Valuable insights have been gained into the antibacterial properties of EOs and their bioactive components, particularly on cinnamaldehyde, the primary compound in cinnamon oil. The findings demonstrate that cinnamon oil possesses broad-spectrum antibacterial activity, showing marked efficacy against several clinically significant nosocomial pathogens. Cinnamaldehyde, in particular, exhibited strong inhibitory effects on both Gram-positive and Gram-negative bacteria, including S. aureus, MRSA, and P. aeruginosa.
These pathogens are major contributors to hospital-acquired infections and are well-known for their multidrug resistance, highlighting the urgent need for alternative or complementary antibacterial therapies. Moreover, results from the biofilm assays reinforce the potential of cinnamaldehyde, as it effectively disrupted established biofilms formed by MRSA, S. aureus, and P. aeruginosa. Given that biofilm formation is a critical virulence factor in chronic infections and significantly enhances antibiotic resistance, cinnamaldehyde’s anti-biofilm activity presents it as a promising candidate for use in strategies aimed at preventing or treating persistent, biofilm-related infections.

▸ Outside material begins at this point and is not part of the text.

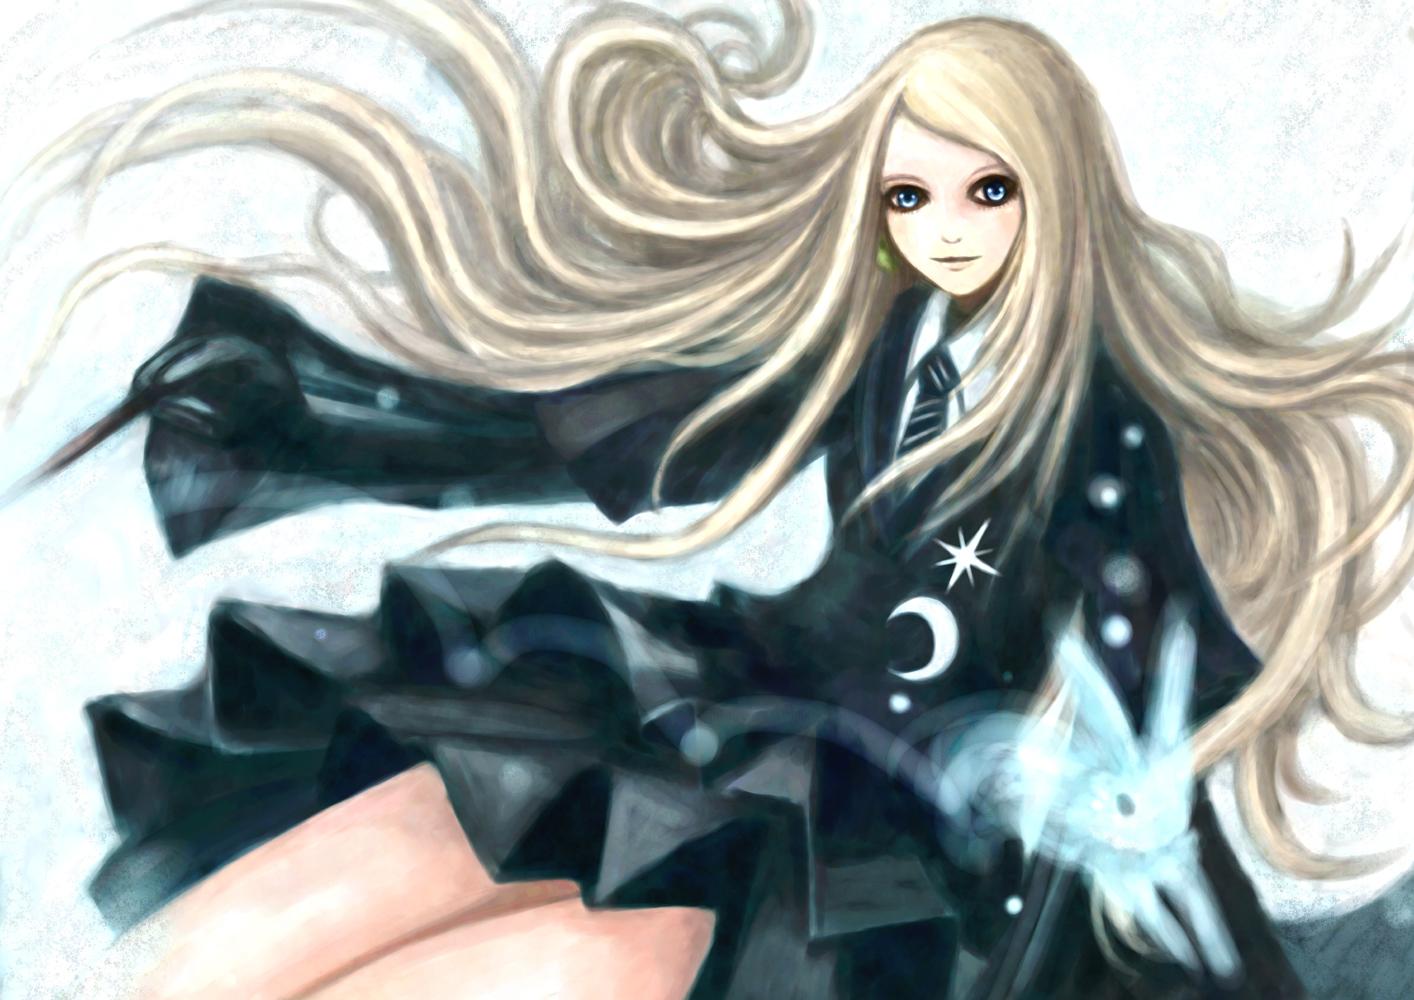 Aleksi Harry Potter Luna Lovegood - Luna Lovegood Harry Potter Ravenclaw Characters - HD Wallpaper

Further research is warranted to investigate the synergistic effects of cinnamaldehyde with conventional antibiotics, its efficacy in vivo, and the potential benefits of using EO-based emulsions or delivery systems to enhance bioavailability and therapeutic outcomes. Additionally, a deeper understanding of the molecular mechanisms by which cinnamaldehyde exerts its antibacterial and anti-biofilm effects could guide the development of novel therapeutics targeting resistant bacterial strains.

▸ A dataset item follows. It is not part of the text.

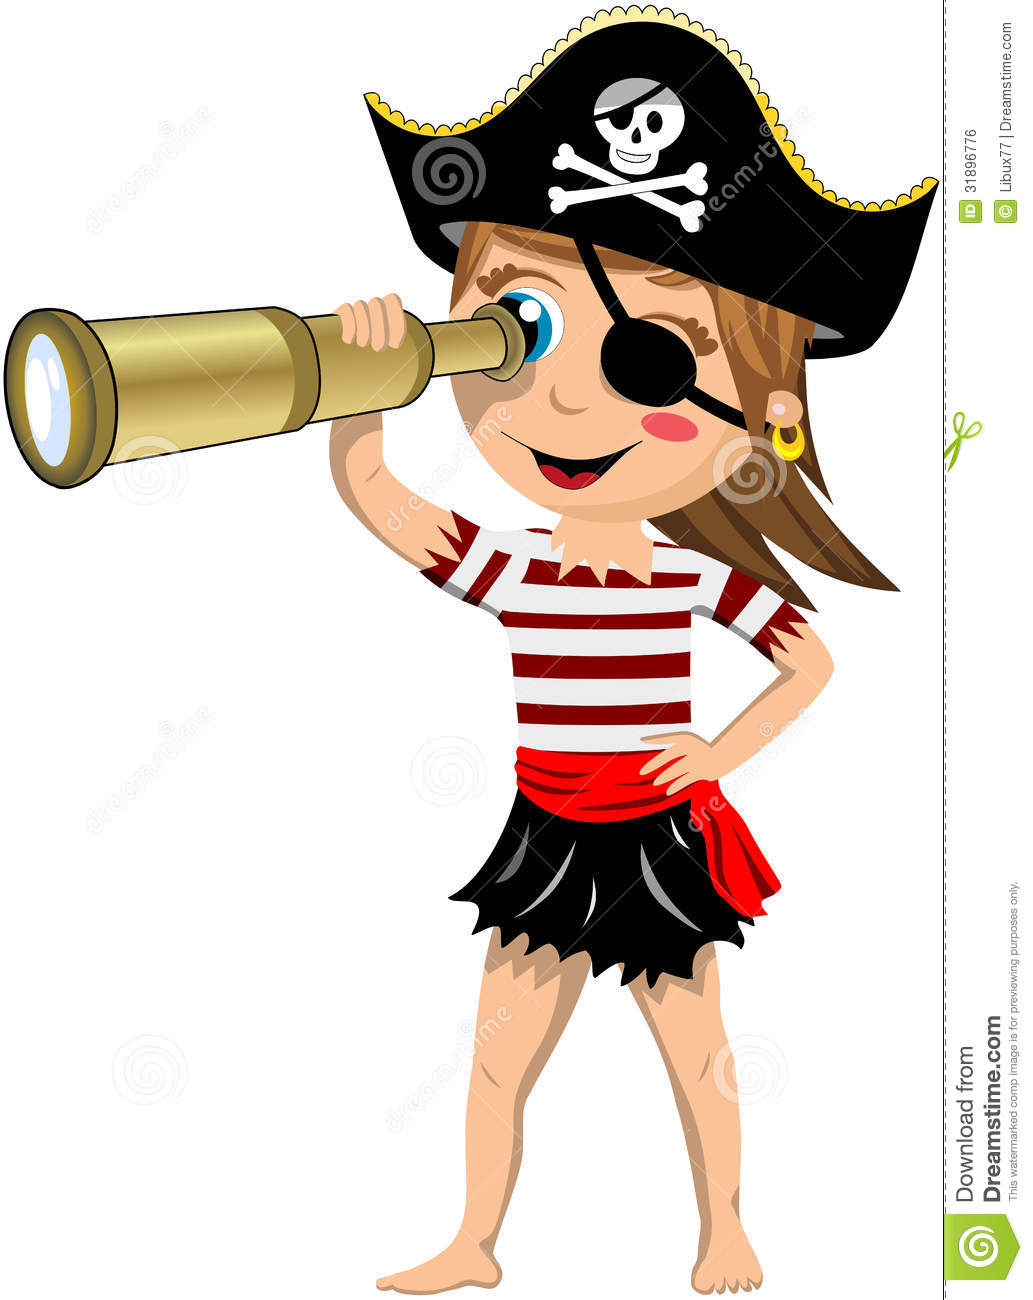 1033x1300 Top 97 Pirates Of The Caribbean Clip Art

However, the application of free EOs could be restricted due to poor solubility in water, low chemical stability, and high volatility, which leads to a reduction in long-lasting bioactivity. Encapsulation is a promising tool to overcome the various limitations of EO formulations, improve their functionality, and protect them from external environmental conditions. Natural biopolymers are non-toxic and biodegradable substances and can be used as carrier materials in the encapsulation of volatile bioactive compounds. Polysaccharides such as starch, chitosan, carrageenan, and cellulose can be used as matrixes for the various biologically active substances for the development of different forms such as emulsions, powders, coatings, films, patches, and wound dressings. For the past decade, materials based on biopolymers with immobilized EOs have been developed and applied using various technologies to increase food safety, to construct new medical devices, cosmetic, and personal care products. Therefore, using EOs as active ingredients in emulsions is an effective strategy for improving their solubility, stability, and controlled release. The emulsions prepared in this study were designed to encapsulate seven EOs derived from plants, including cinnamon EO and its bioactive component, cinnamaldehyde, to enhance their applicability in therapeutic and industrial applications.

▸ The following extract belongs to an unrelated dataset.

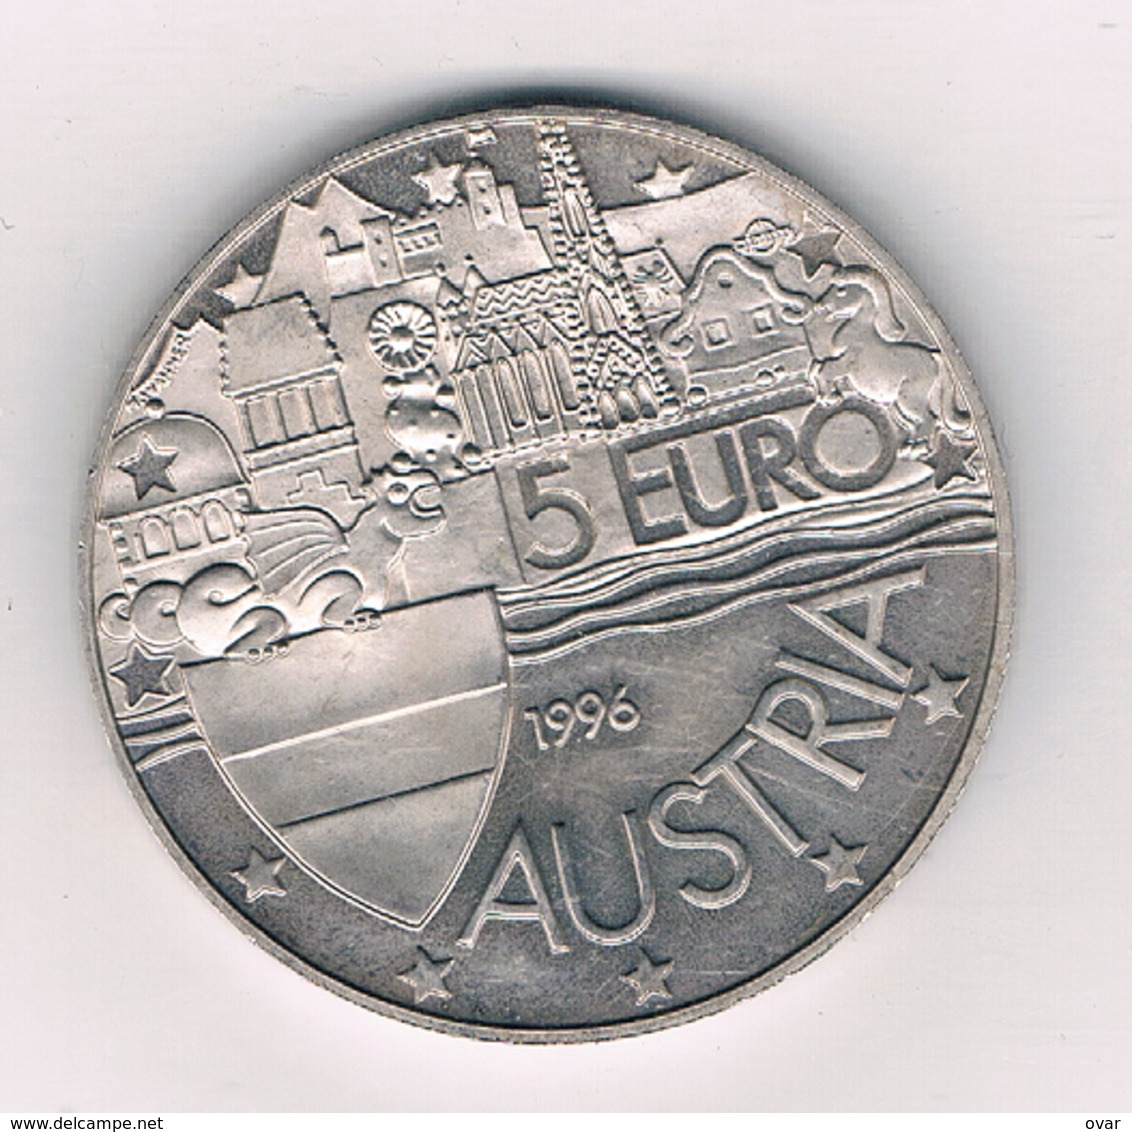 5 EURO 1996 OOSTENRIJK /980/ - Autriche

Hydrophobically modified waxy maize starch, specifically OSA-starch, was employed as the stabilizing agent in this study. OSA-starch is a food-grade material, recognized for its safety and approval as a food additive, and it has recently emerged as a potential stabilizer for emulsions due to its ability to form stable structures in aqueous environments [51]. The use of OSA-starch in the emulsions allowed for the incorporation of a range of EOs, including basil EO, cinnamon EO, cinnamaldehyde, eucalyptus EO, lavender EO, pine EO, rosemary EO, and tea tree EO, all of which have demonstrated antibacterial and therapeutic properties. The preparation of emulsions using OSA starch as a stabilizer proved to be an effective method for encapsulating EOs, ensuring their stability and controlled release. The emulsions demonstrated good homogeneity, stability, and appropriate droplet size distribution, which are critical for the successful delivery of the bioactive compounds [35,52]. Continued research on the long-term stability and biological effects of starch-based emulsions is essential to optimize their application in clinical settings. Recent studies have demonstrated the promising antibacterial potential of such systems. For example, an emulsion based on octenyl succinic anhydride (OSA) starch incorporating thymol showed strong bactericidal effects against E. coli and S. aureus, effectively targeting both planktonic cells and biofilms [47]. Similarly, Sharif et al. [53] investigated black cumin EO nanoemulsions stabilized by OSA-modified starch, reporting significantly enhanced antimicrobial activity compared to the pure EO. Moreover, it was demonstrated that the blank emulsion did not exhibit any antimicrobial activity, as would be expected given the nature of the polysaccharide matrix used to stabilize the emulsion. These findings underscore the potential of OSA starch-based emulsions as effective delivery systems to boost the antimicrobial efficacy of EOs, supporting their further development for clinical and pharmaceutical applications.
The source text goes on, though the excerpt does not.